Dependencies defined using a <depends> node have priority over those deduced from parametric arguments. They both have priority over restarts in code_saturne data settings.

In the rare cases where dependencies are not related to restarts, the <depends> approach allow fine-grained control. In other cases, dependencies are deduced from restart definitions, so no additional user settings are needed.

Postprocessing and analysis

The state analysis is automatically added with the slurm batch mode. This final batch will depend on all previous submissions.
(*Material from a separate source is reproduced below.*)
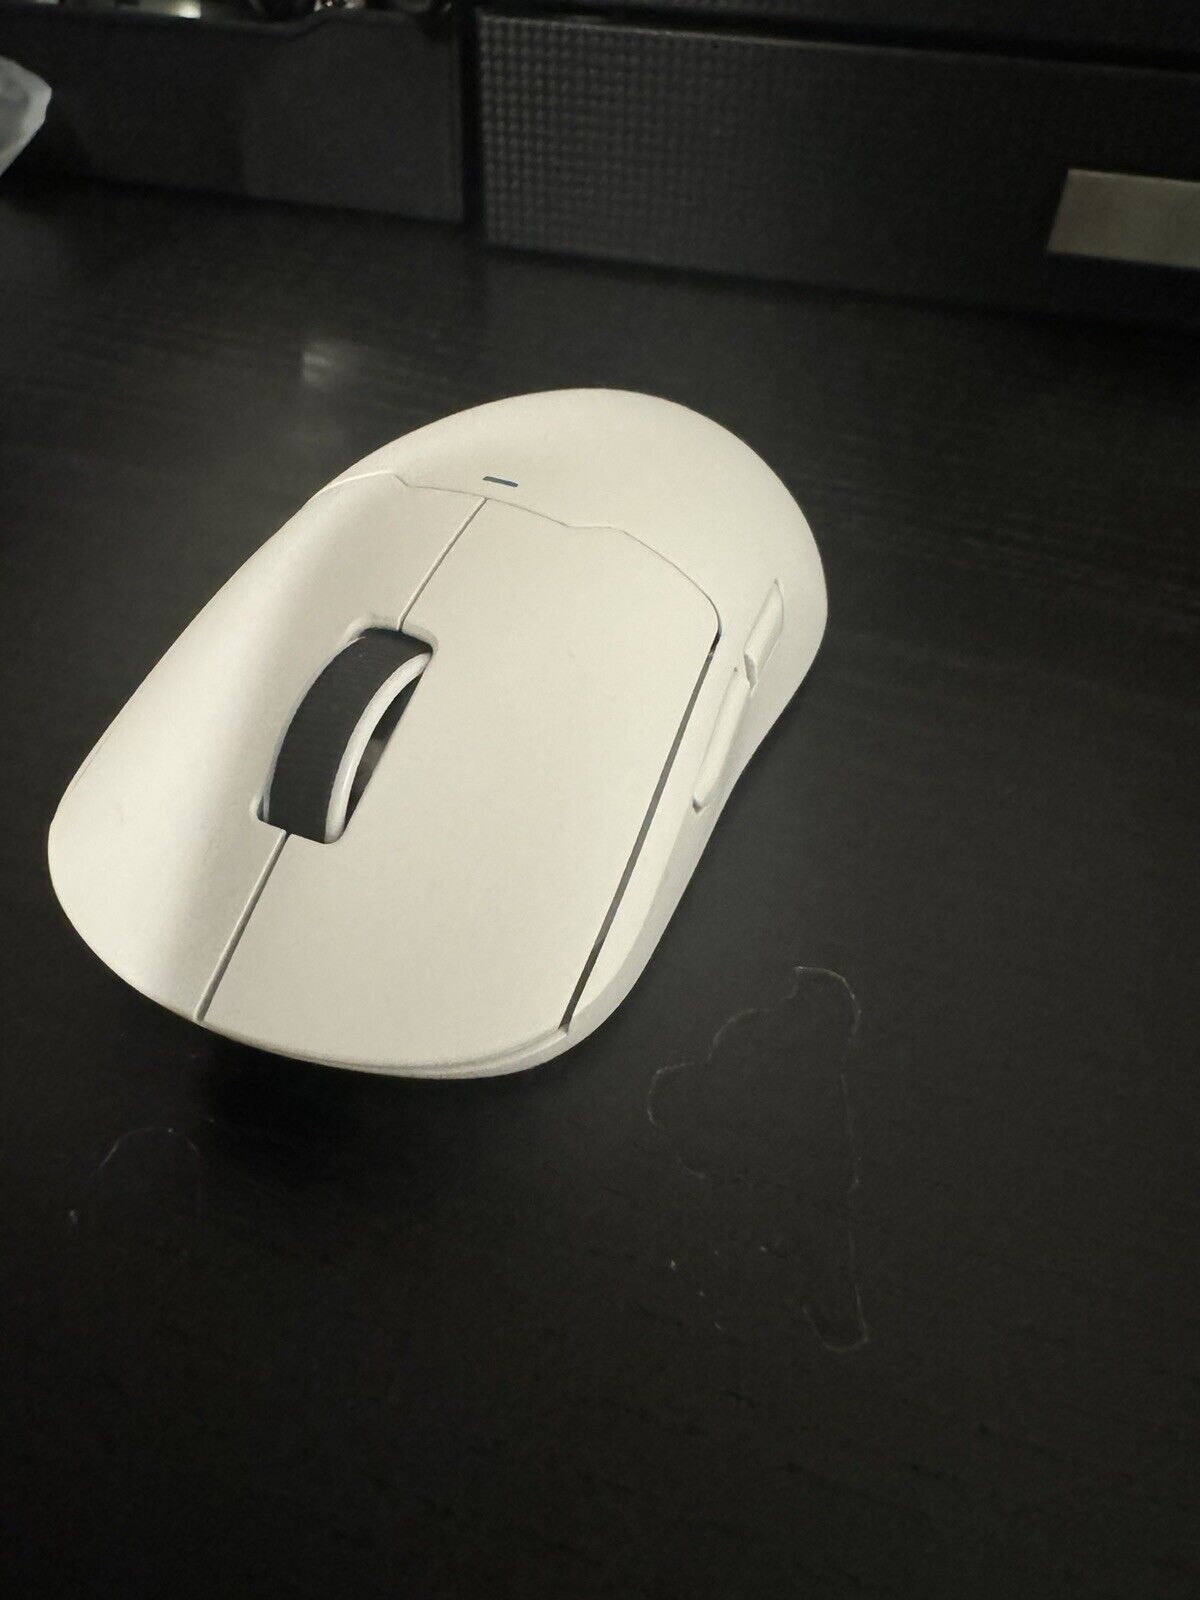 MCHOSE A5 WIRELESS GAMING MOUSE (GPRO CLONE)

It can also include postprocessing and comparison steps if these options are activated.

Example

In the following example, a list of 8 cases is launched in SLURM batch mode:

$ code_saturne smgr --submit -rp --slurm-batch-size=2 --slurm-batch-wtime=5
Exemple of cases allocation per batch

Here are some explanations on cases allocation per batch :

  • In level 0, batch 1 is limited by the number of cases with the same number of processes. Batch 2 is limited to one case (CASE1/run3) as the maximum time in this batch would have exceeded 5 hours including the next case (CASE2/run1). Batch 3 only includes the last case at level 0.
  • In level 1, batch 4 is limited by the maximum number of cases per batch (2). Batch 5 only includes the last case at level 1. Batche 4 depends on batch 1 and batch 5 depends on batch 3.
  • In level 2, batch 6 only includes the last case of the level. It depends on batch 6.
  • In level 3, batch 7 includes postprocessing and state analysis. The final batch depends on all cases from all steps.